Greatest Hits! of Tatsuro Yamashita is the first greatest hits album by Japanese singer-songwriter Tatsuro Yamashita, released in July 1982.

Overview
The album consists of Yamashita's songs mostly included on his previous six albums ranging from Circus Town to For You. The only song not included in any album is Amaku Kiken na Kaori which is only released as a single and a re-recording of Funky Flushin'. According to Yamashita, "Greatest Hits" is just a mundane joke that I thought of as a western music lover. The original album release (RAL-8803) included Yamashita's biography, discography, and various photographs in the form of a booklet.

Lawsuit
In 1990, BMG Victor told Yamashita of its plans to release the album, and it asked Smile to provide technical help for the project. Smile agreed, and in September 1990 the album was released (BVCR-2505) with the phrase "the only album authorized by Tatsuro Yamashita" displayed on the "obi strip". It was not until February 1991 that when Yamashita received a fan letter complaining that some songs of the album's 12 tracks were different from the previous versions. Claiming the record company had engaged in false advertising, Yamashita and his production company hired attorney Atsushi Naito, and in February 1991 they sent BMG Victor a cease and desist letter.
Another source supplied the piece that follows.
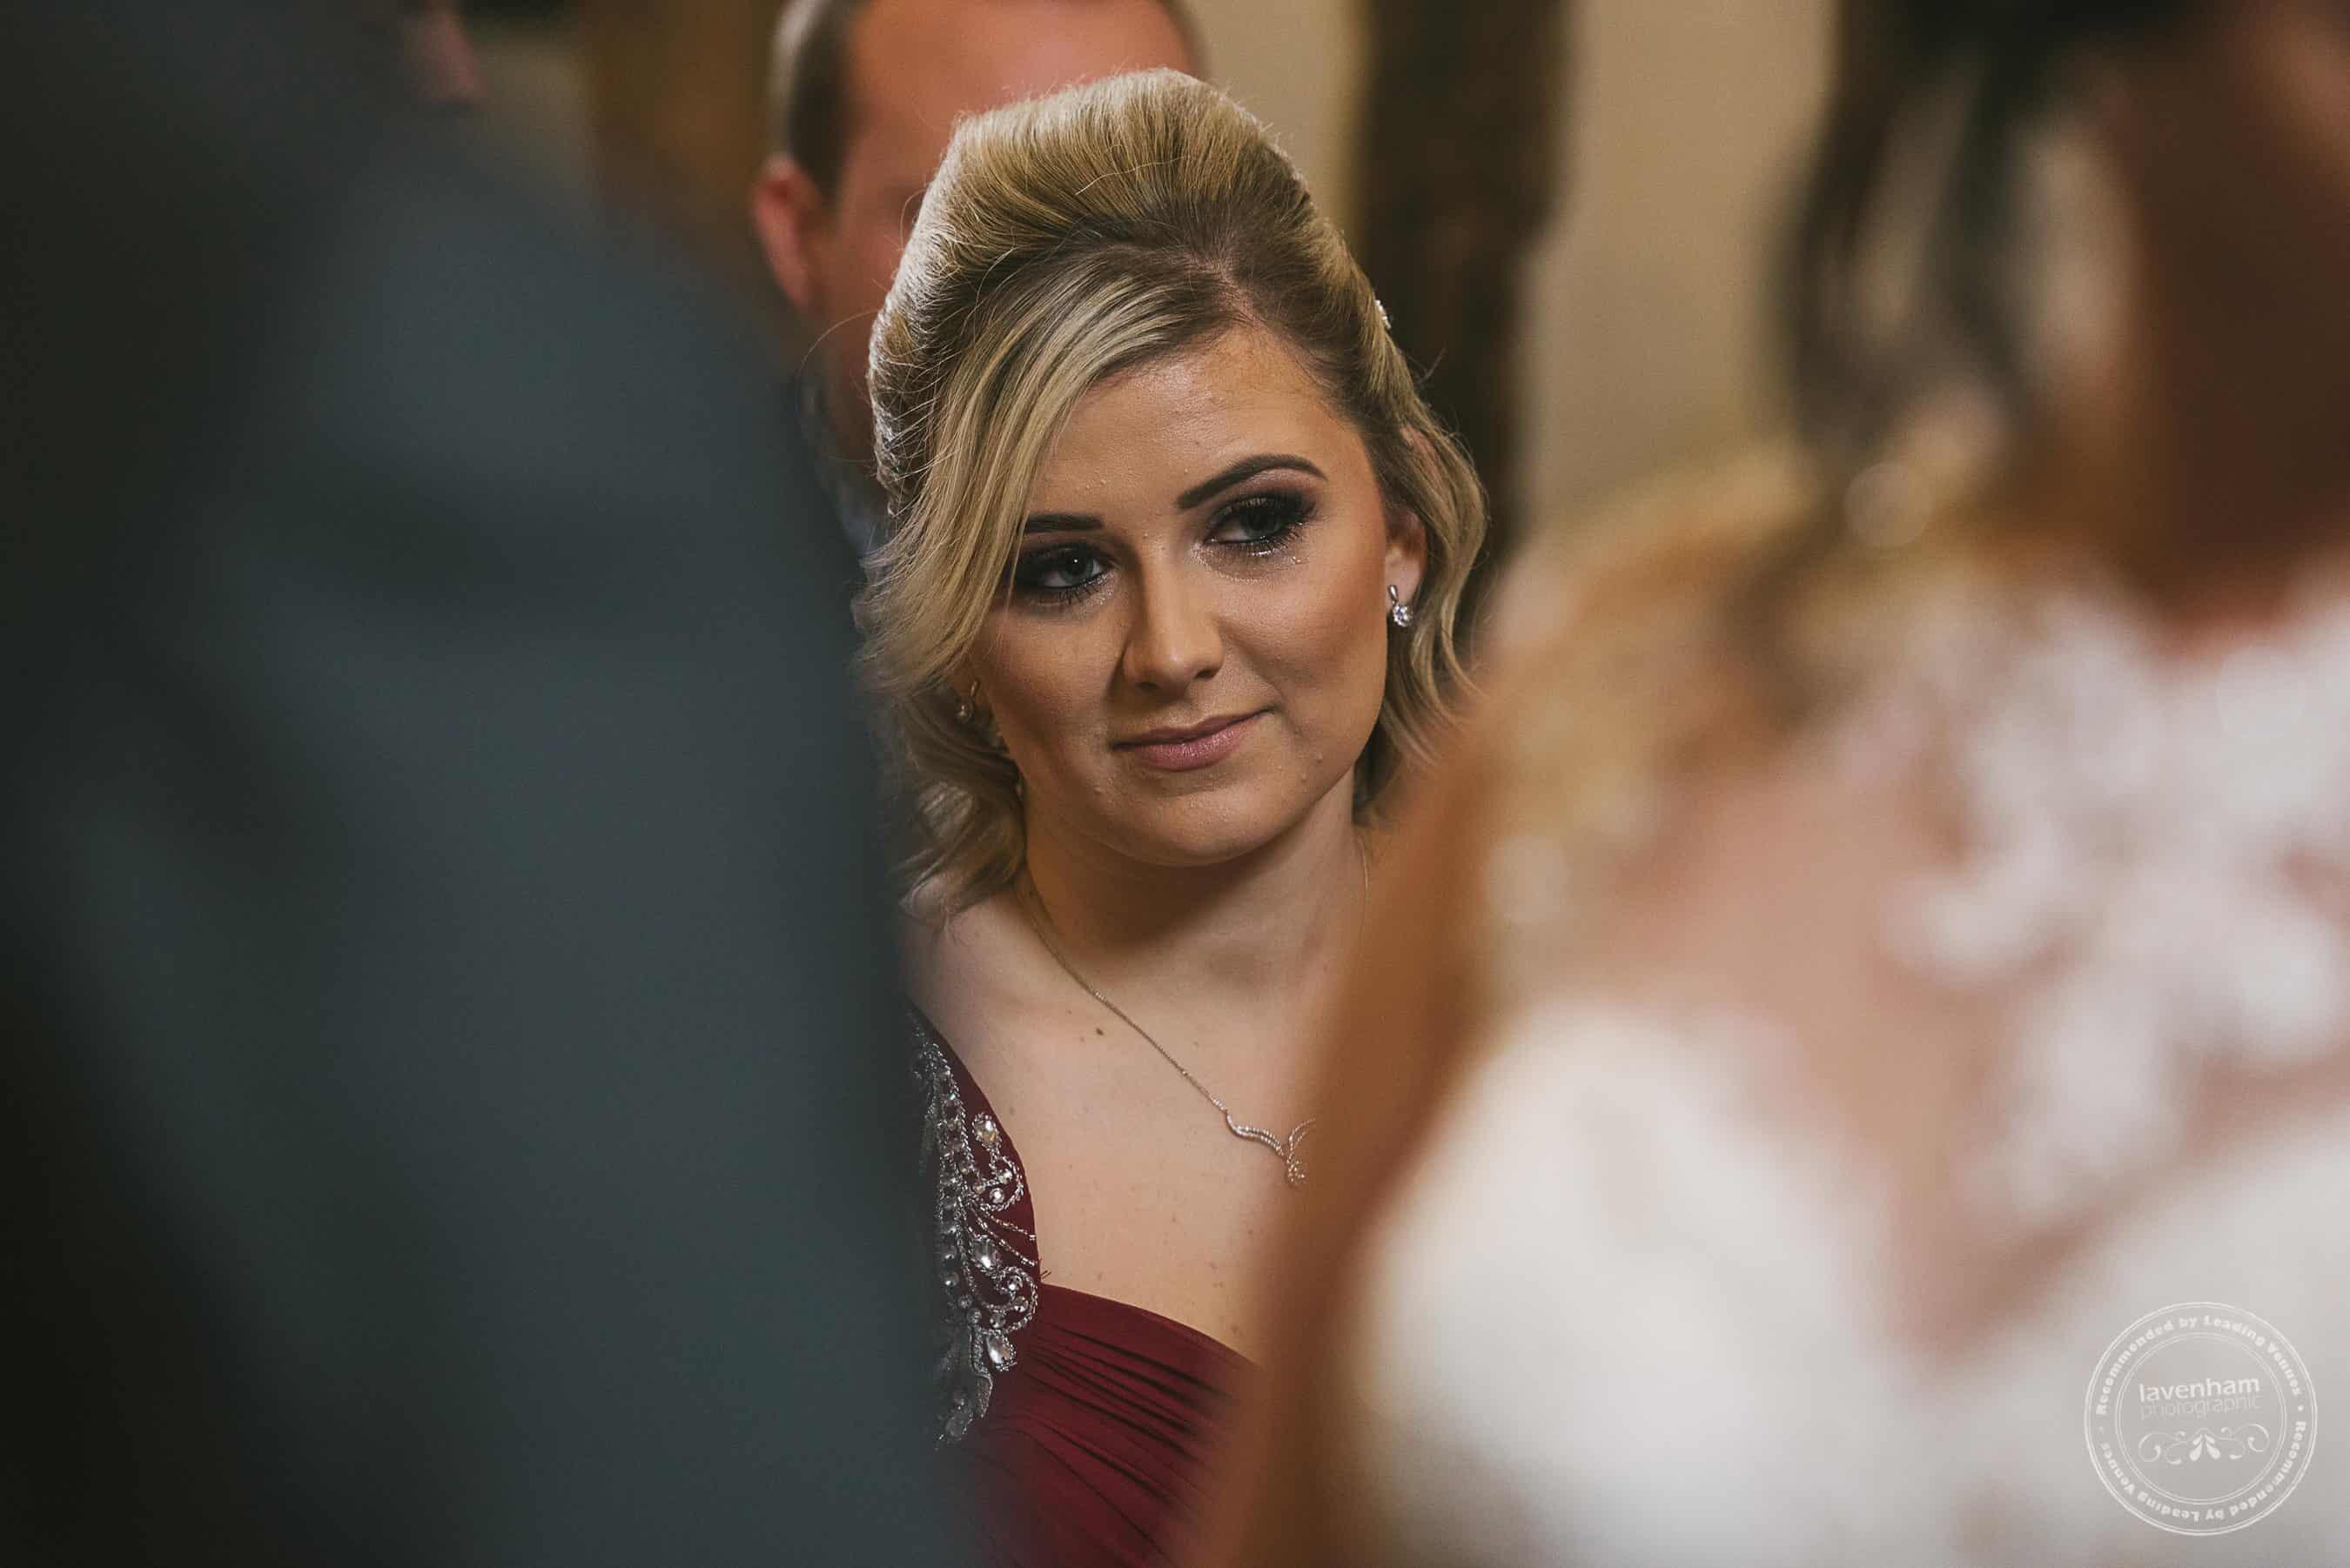 251118 Leez Priory Wedding Photography by Lavenham Photographic 039

Changes in this release are:
Amaku Kiken na Kaori was taken from the 1984 compilation album Come Along II and DJ Katsuya Kobayashi can be heard in the intro.
Ride on Time was replaced from the single version to the album version.
Funky Flushin' was taken from the studio album Moonglow.
Bomber uses the sound taken from the 1980 compilation album Come Along and DJ Katsuya Kobayashi can once again be heard in the intro
Solid Slider was replaced from the 3 min. version to the 7 min. version from Spacy
Interlude B Part II from For You is included at the beginning before Your Eyes.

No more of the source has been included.